This new RFC basically says that vendors can no longer consider IPv6 as an optional feature. If you say it supports 'IP' you better include IPv6.
The RFC specifically calls out these best practices:
- New IP implementations must support IPv6.
- Updates to current IP implementations should support IPv6.
- IPv6 support must be equivalent or better in quality and functionality when compared to IPv4 support in a new or updated IP implementation.
- New and updated IP networking implementations should support IPv4 and IPv6 coexistence (dual-stack), but must not require IPv4 for proper and complete function.

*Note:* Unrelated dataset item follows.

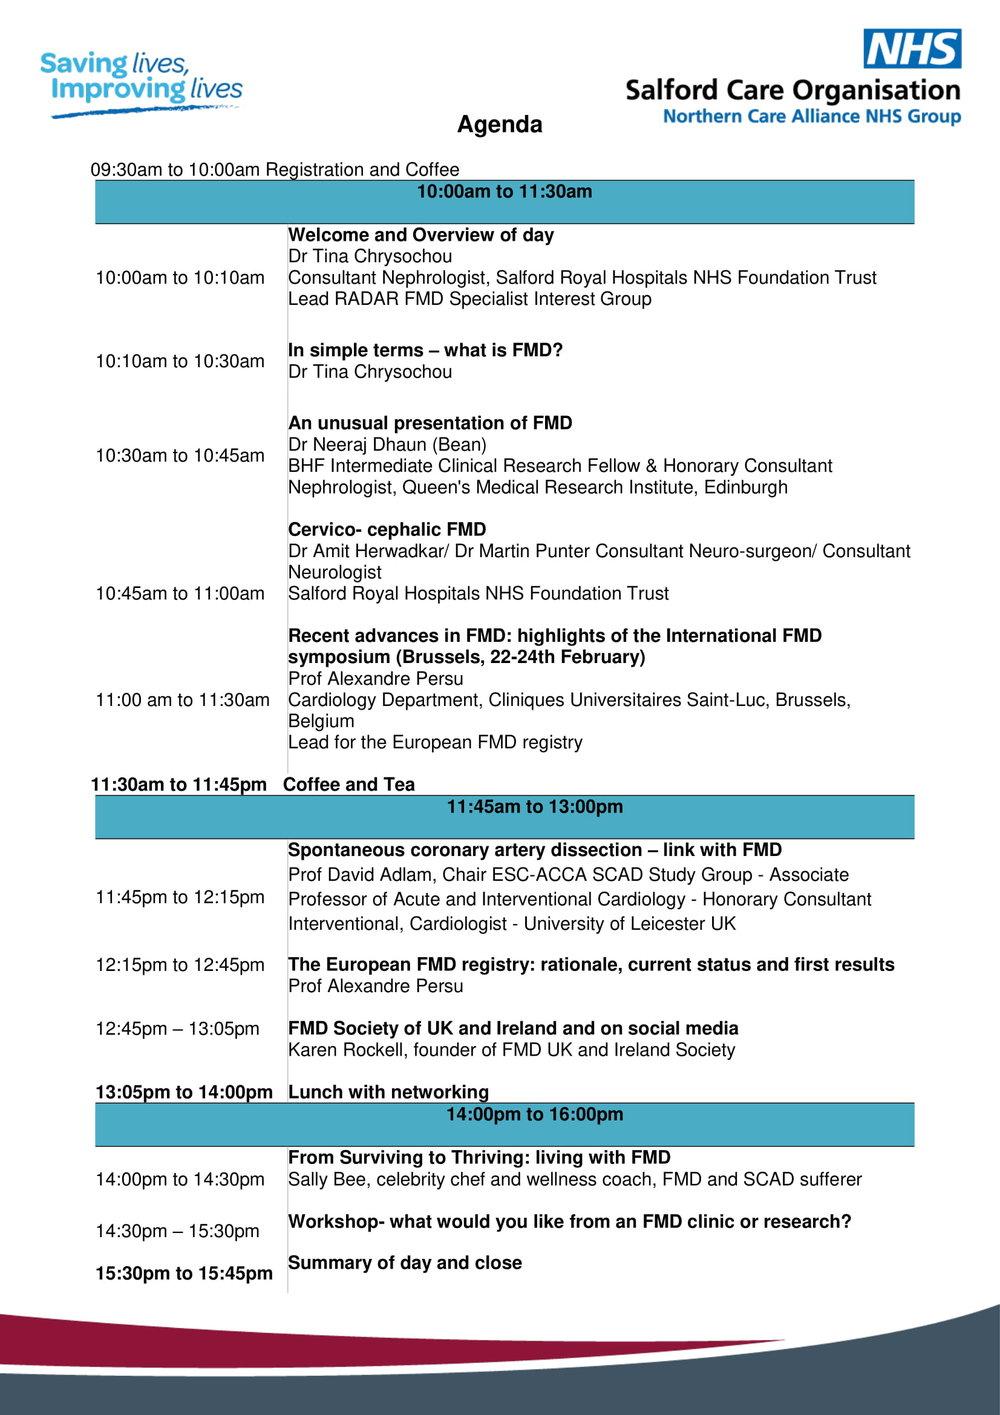 Agenda FMD Pt info day 2019 (1)-2.jpg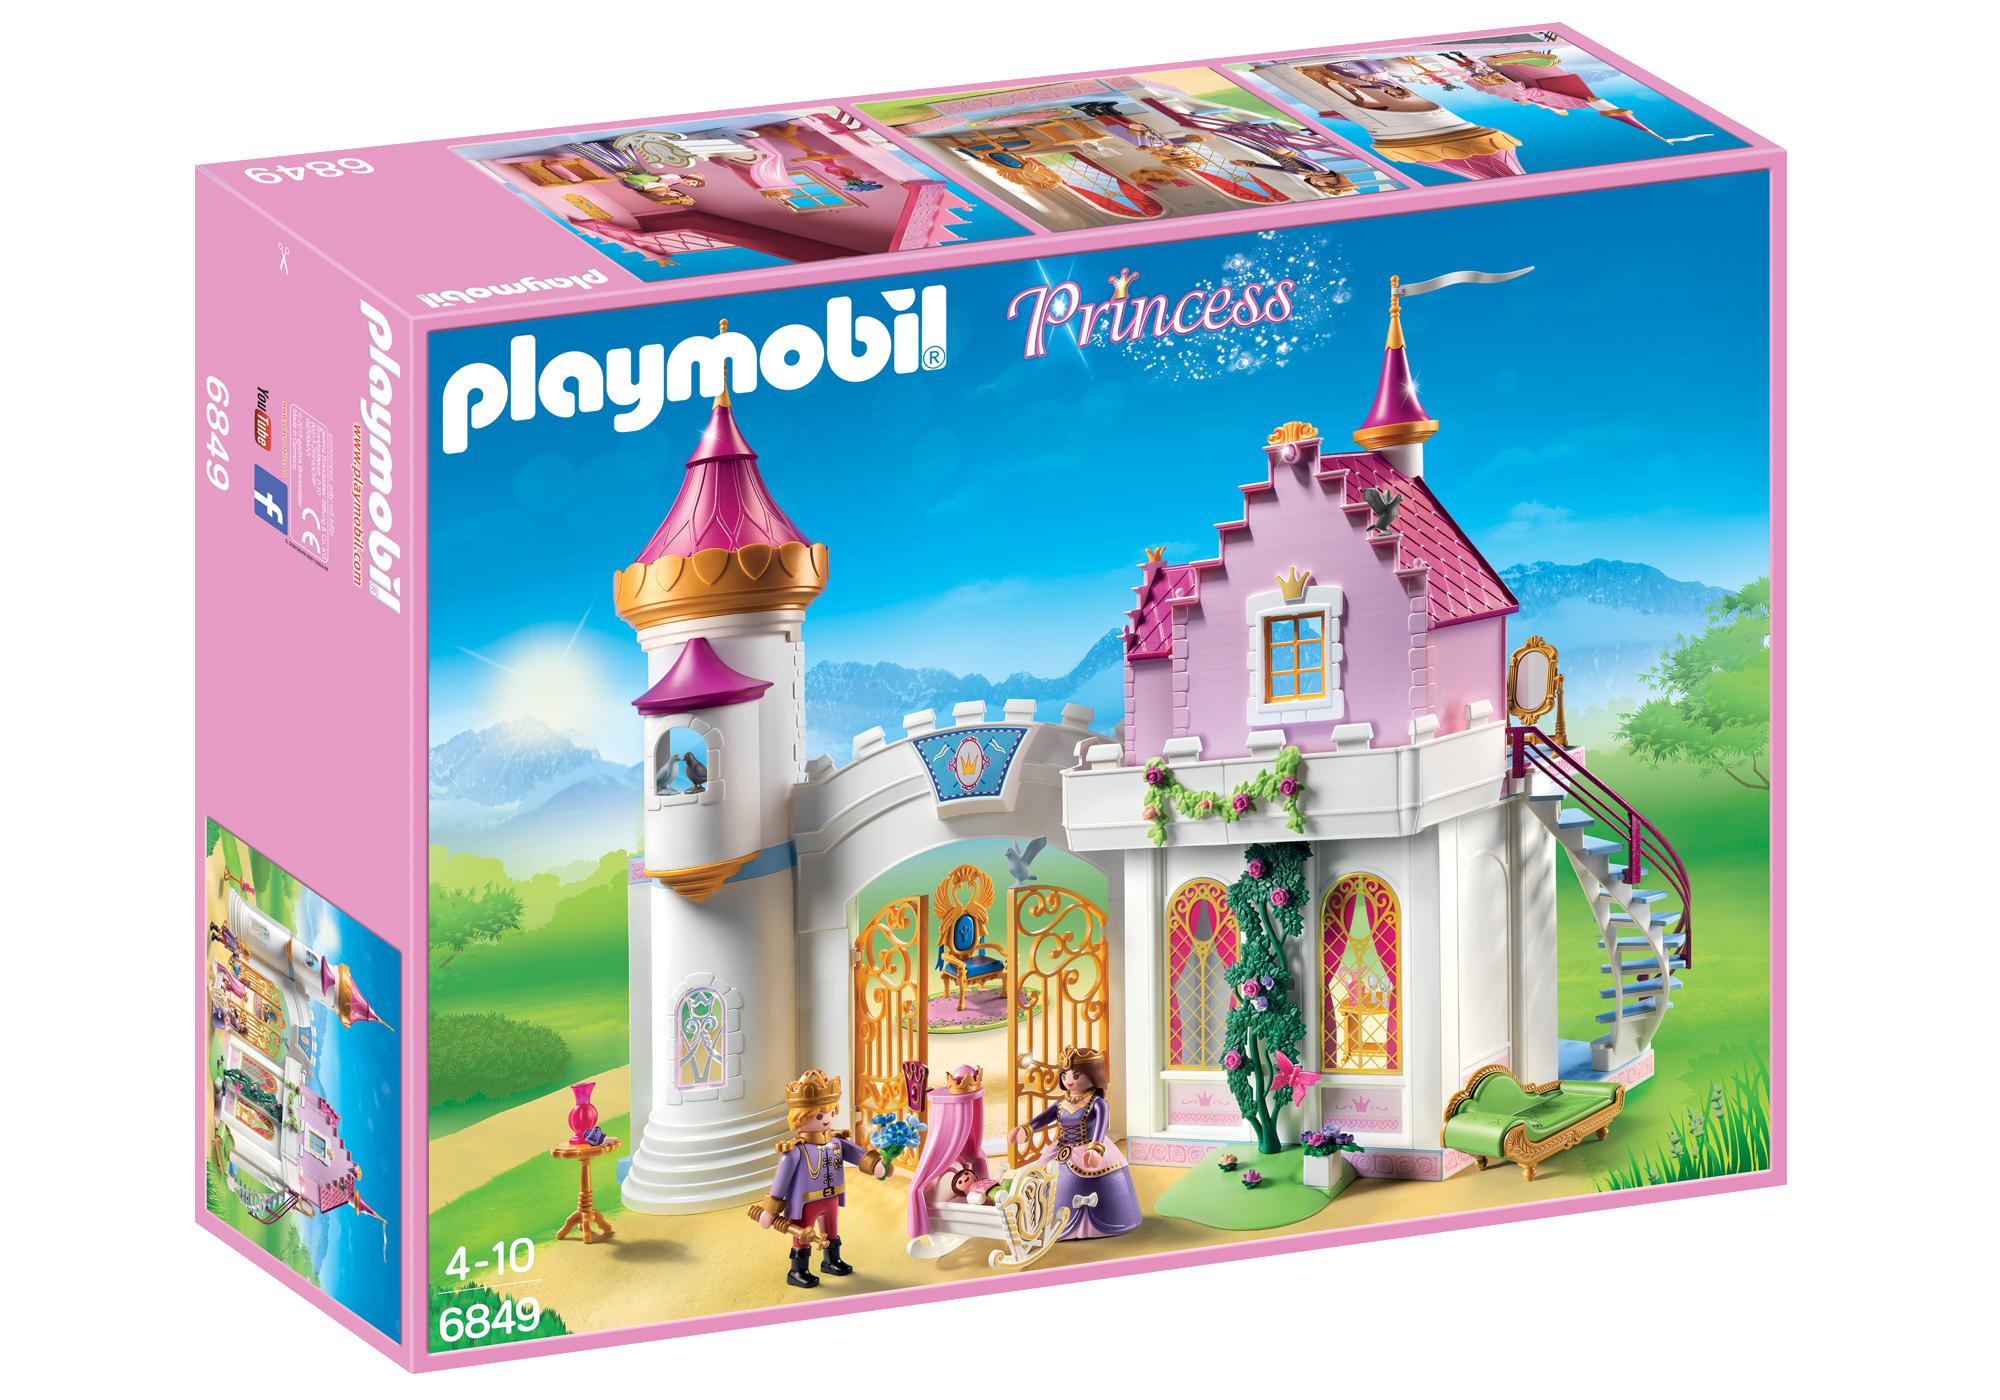 http://media.playmobil.com/i/playmobil/6849_product_box_front

- Implementers are encouraged to update existing hardware and software to enable IPv6 wherever technically feasible.
You: If you haven't started using IPv6 in your environment I highly recommend you take the time to educate yourself: Read a book, learn how Google did it, or sign up for the excellent IPv6 training at PICC.
Your vendors: When talking with vendors do not treat IPv6 as a "would be nice". Inform them that anything you buy this year must be IPv6 capable and can't have worse performance than IPv4. New network gear and software purchased this year will probably be in your network until 2020 or longer. If you don't think IPv6 will be in your environment this year, you have to agree it will be by 2020.
Your boss: If you need help explaining this to your boss read this fine article on IPv6 migrations (The "introduction" section is all background and history, after that is all the advice.) TLDR version: Start from your ISP to your external gateway, then work your way in enabling IPv6 carefully at each step.
Lastly... if you want a fun starter project, get it enabled at your house either via your ISP or get a free tunnel.